In this Markov chain, there are 3 transient states, 2, 3, and 4.
For example, we can go from 3 to 2, and then 2 to 1.
Then we get trapped in state 1 and will never come back to state 3 again.
The other two states, 1 and 5 are not transient, so they are recurrent states.
In this Markov chain, the three states on the left are all transient states.
If we go from one of these three states to one of the states on the right, we will never
come back to the left.
The three states on the right are all recurrent states.
A state i is periodic with period k, where k > 1, if k is the smallest number such that
all paths leading from state i back to state i have a length that is a multiple of k.
Absorbing states are aperiodic.
If we can return to a recurrent state at irregular times, it is aperiodic.
In this example, we have three states.
They are all recurrent states.
There is no absorbing state.
All states are periodic with a period of 3.
For example, starting from state 1, we need 3, 6, or 9 steps to come back to state 1.
The multiple is 3.
Now, let's take a look at this example.
We know that the absorbing states 1 and 5 are not periodic.
The transient states 2, 3, and 4 are not periodic because we may not come back to these states
again.
Similarly, in this example, the transient states 1, 2, and 3 are not periodic.
But the recurrent states 4, 5, and 6 are periodic and the period is 2.
If we start from any of these states, we can return to the state at time 2, 4, 6, and so
on.
If all states in a Markov chain are recurrent, aperiodic, and communicate with each other,
then this Markov chain is ergodic.
Ergodic Markov chains have some special properties, which will be introduced in another video.
Let's see some examples.
Is this Markov chain ergodic?
No, because it has some transient states, 2, 3, and 4.

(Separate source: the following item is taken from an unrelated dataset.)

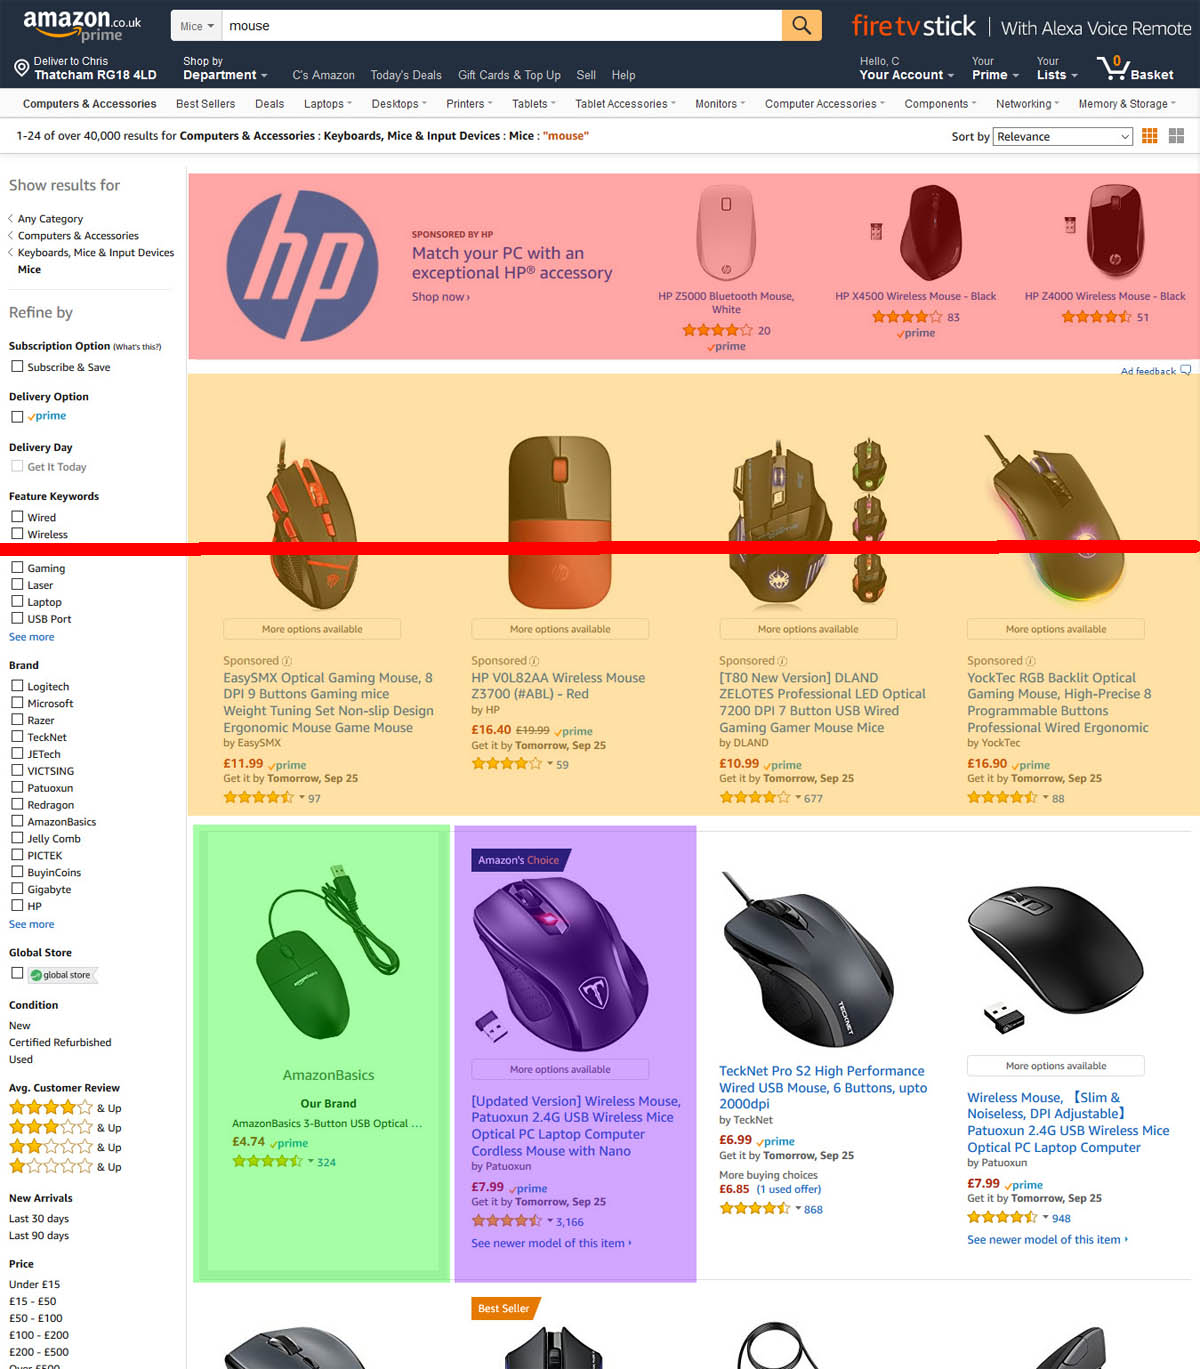 Amazon Advertising on search results page for mouse

And state 1 cannot communicate with state 5.
Is this Markov chain ergodic?
No, because it also has some transient states, 1, 2, and 3.
And some states cannot communicate with each other.
For example, we can go from 1 to 2, but not from 2 to 1.
Is this Markov chain represented by states 1, 2, and 3 ergodic?
Yes.
None of the states is transient.
There is no period.
And every state can communicate with other states.
What about the Markov chain represented by states 4 and 5?
Yes, it is ergodic for the same reasons.
What about the Markov chain represented by states 1 through 5?
No, it is not ergodic, because states 1, 2, and 3 cannot communicate with states 4 and
5.
Okay, that is about ergodic Markov chains.
Thanks for watching.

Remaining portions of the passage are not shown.